Skip the pictures and copy all the data that follows exactly.

[Opening Dataset section section]

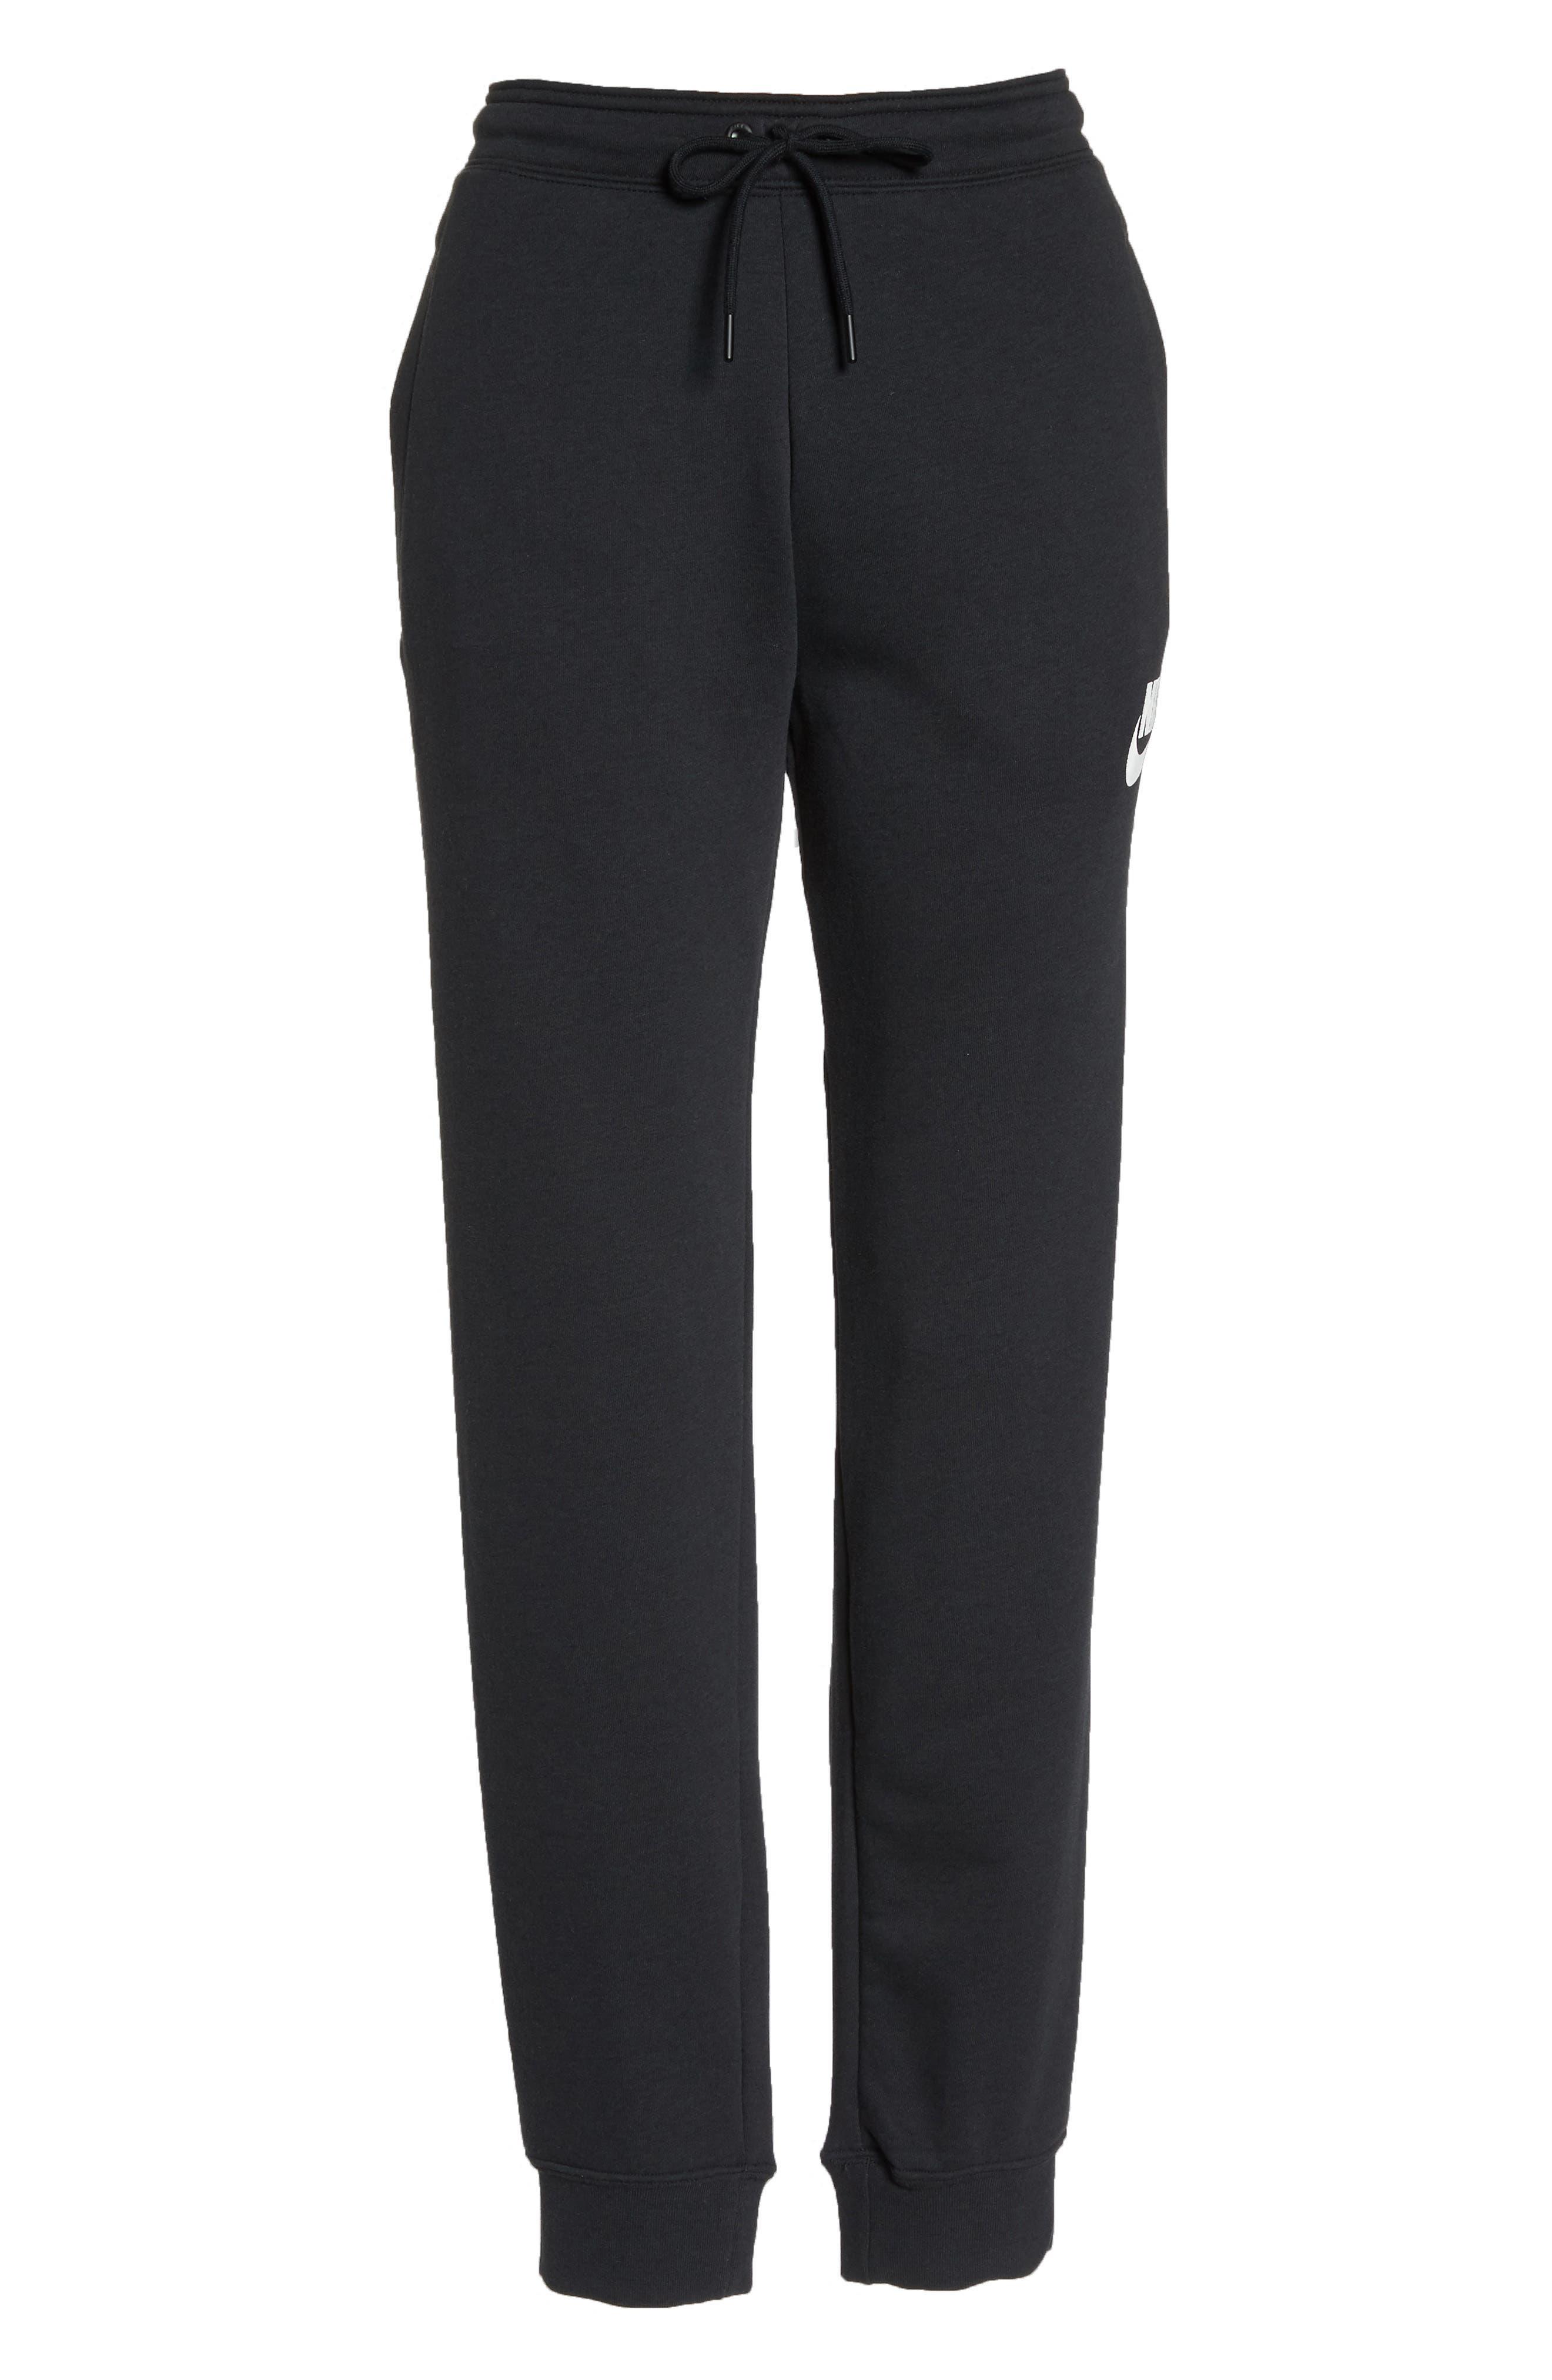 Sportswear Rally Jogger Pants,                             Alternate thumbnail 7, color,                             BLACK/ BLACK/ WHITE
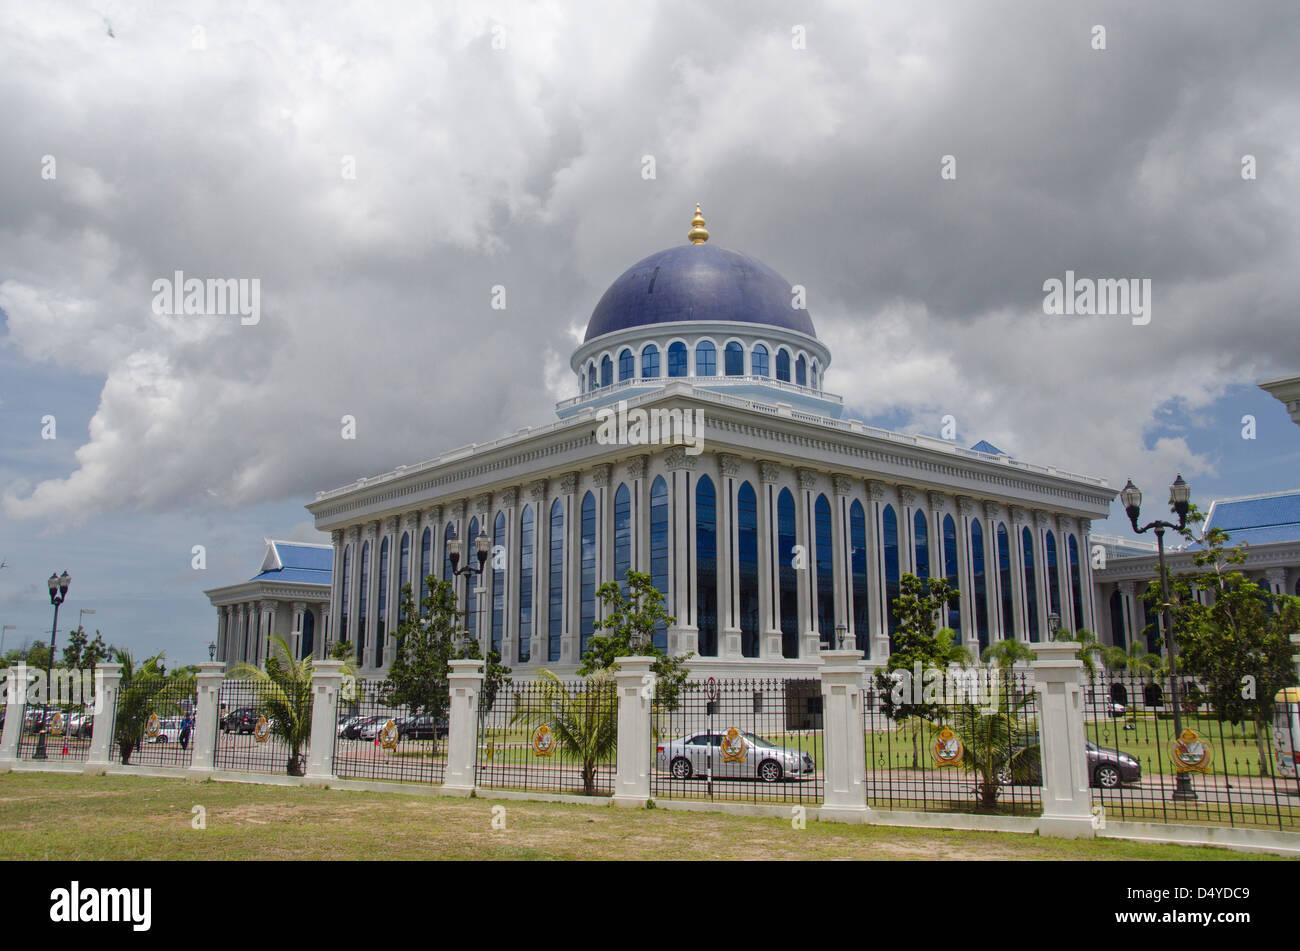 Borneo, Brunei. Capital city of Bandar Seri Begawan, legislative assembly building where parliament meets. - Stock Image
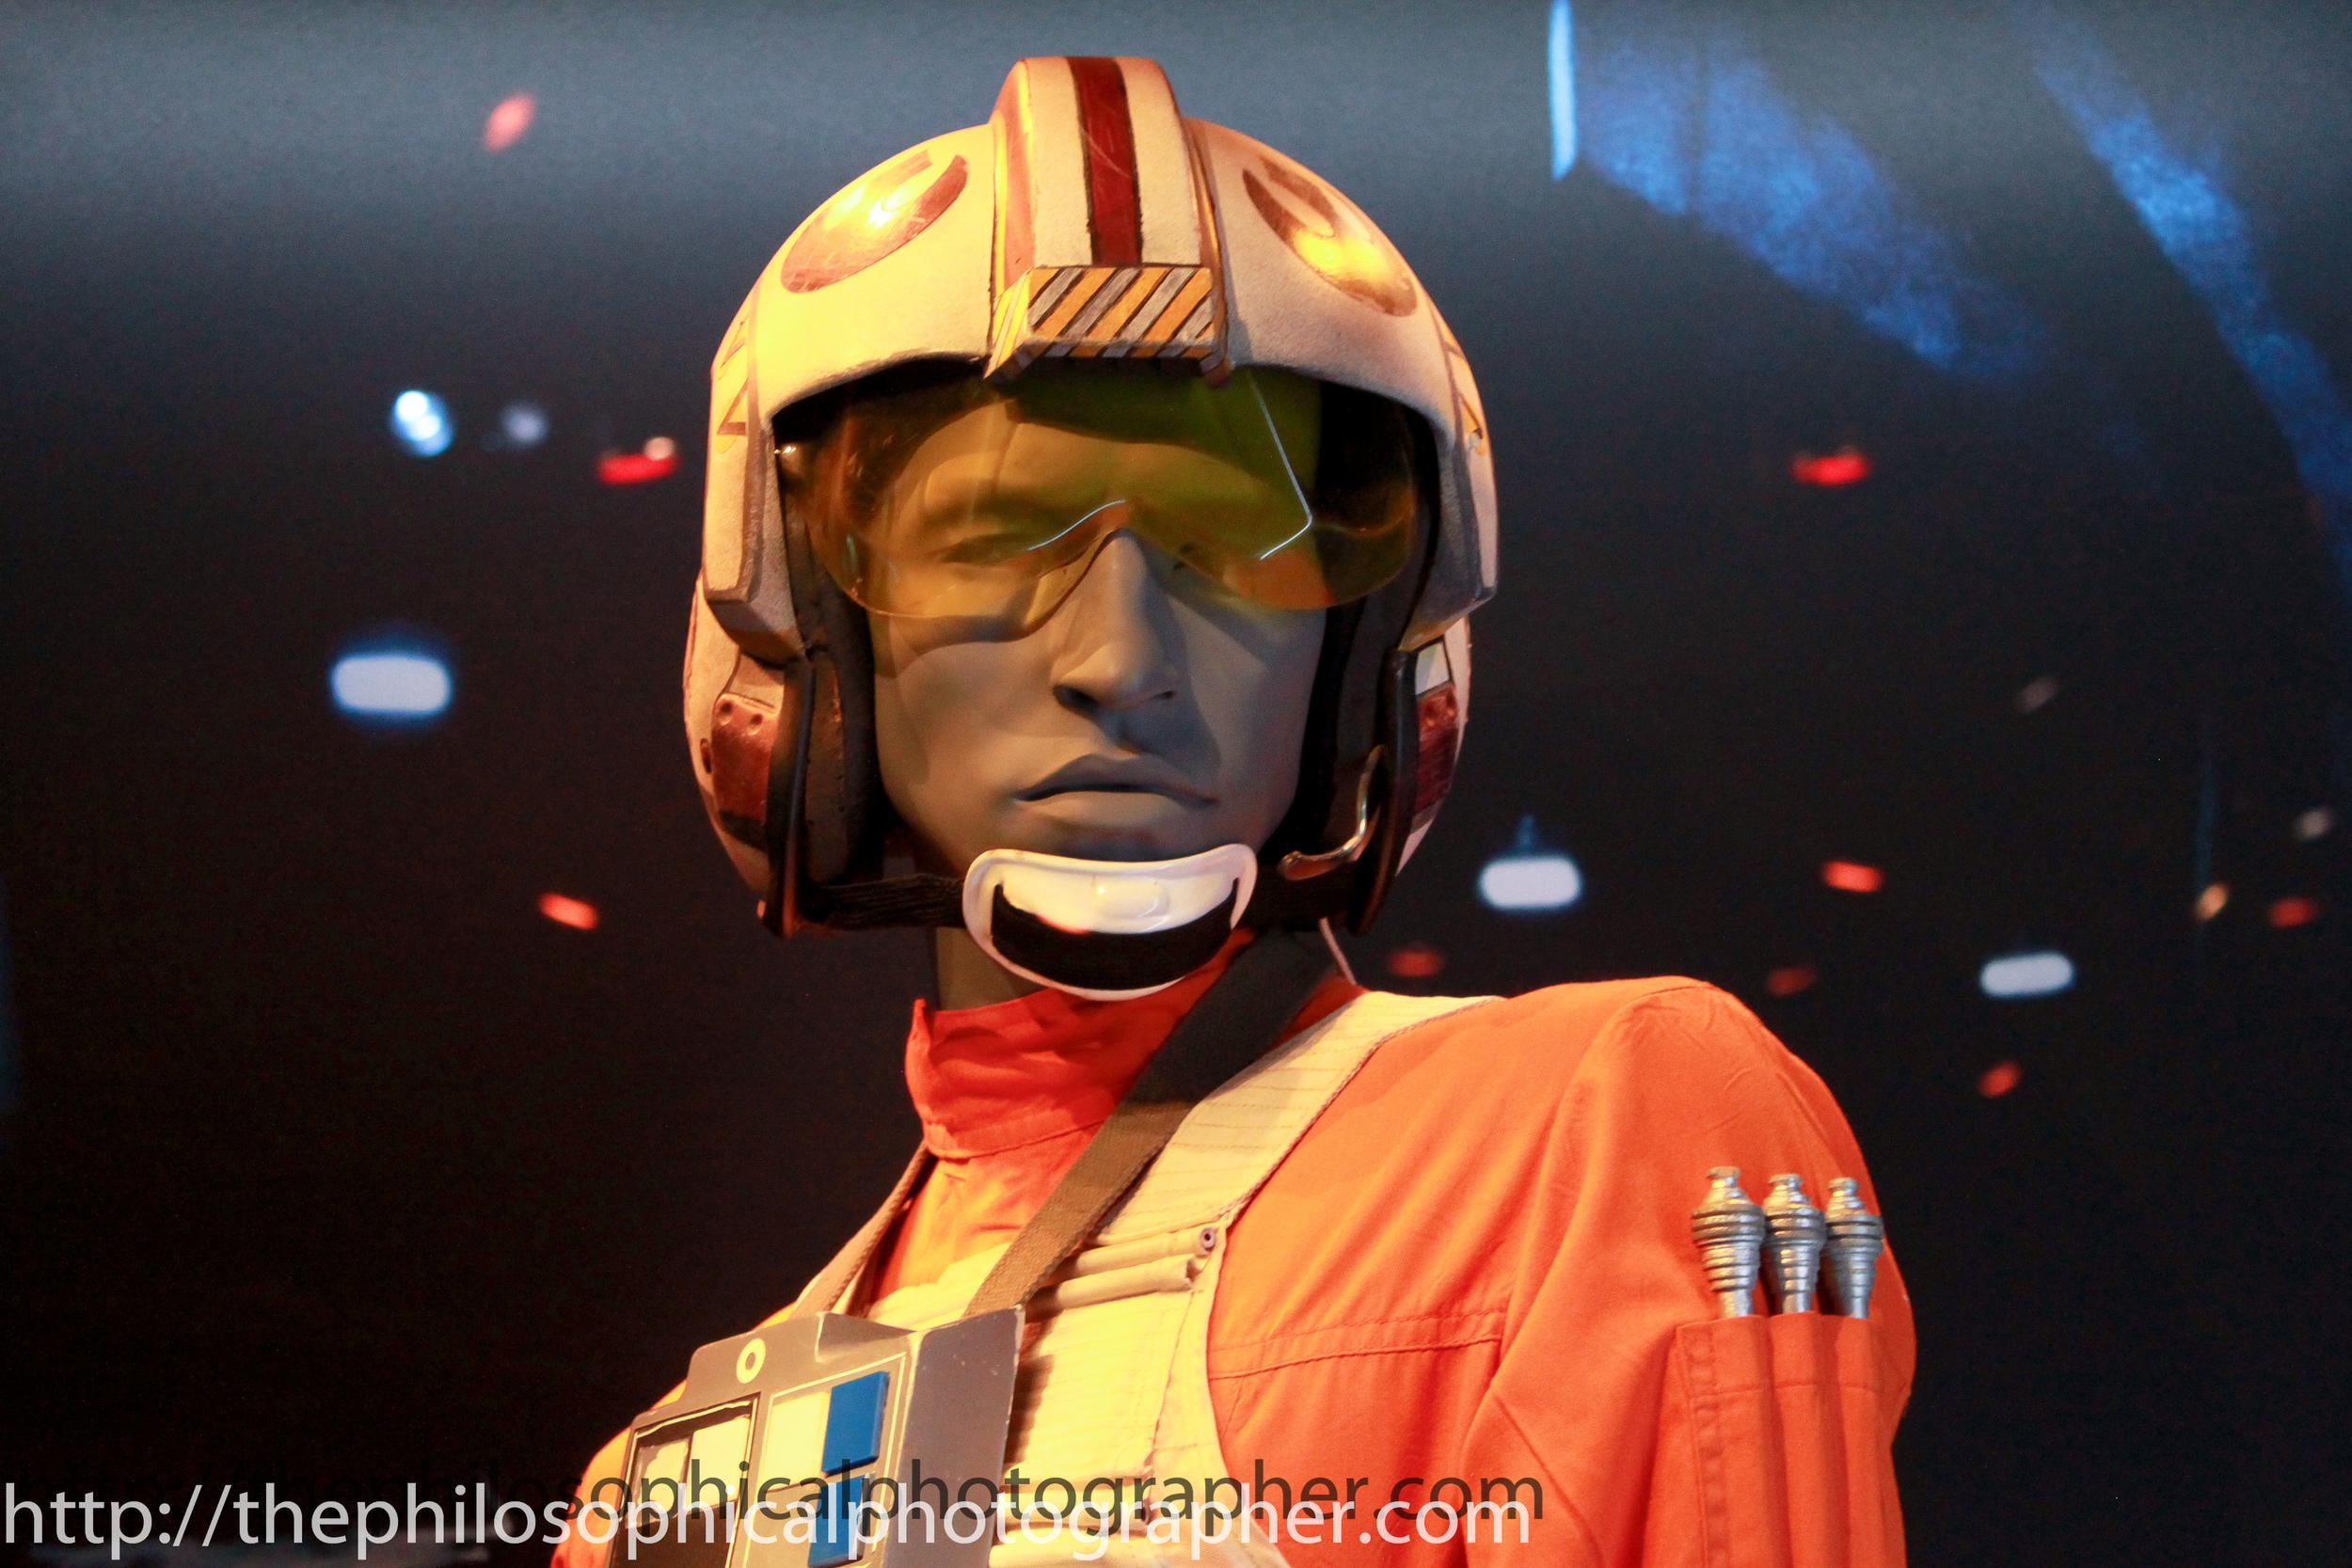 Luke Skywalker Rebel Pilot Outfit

[Closing Dataset section section]

Solved problem -
 Sportswear Rally Jogger Pants,                             Alternate thumbnail 7, color,                             BLACK/ BLACK/ WHITE
 Borneo, Brunei. Capital city of Bandar Seri Begawan, legislative assembly building where parliament meets. - Stock Image
 Luke Skywalker Rebel Pilot Outfit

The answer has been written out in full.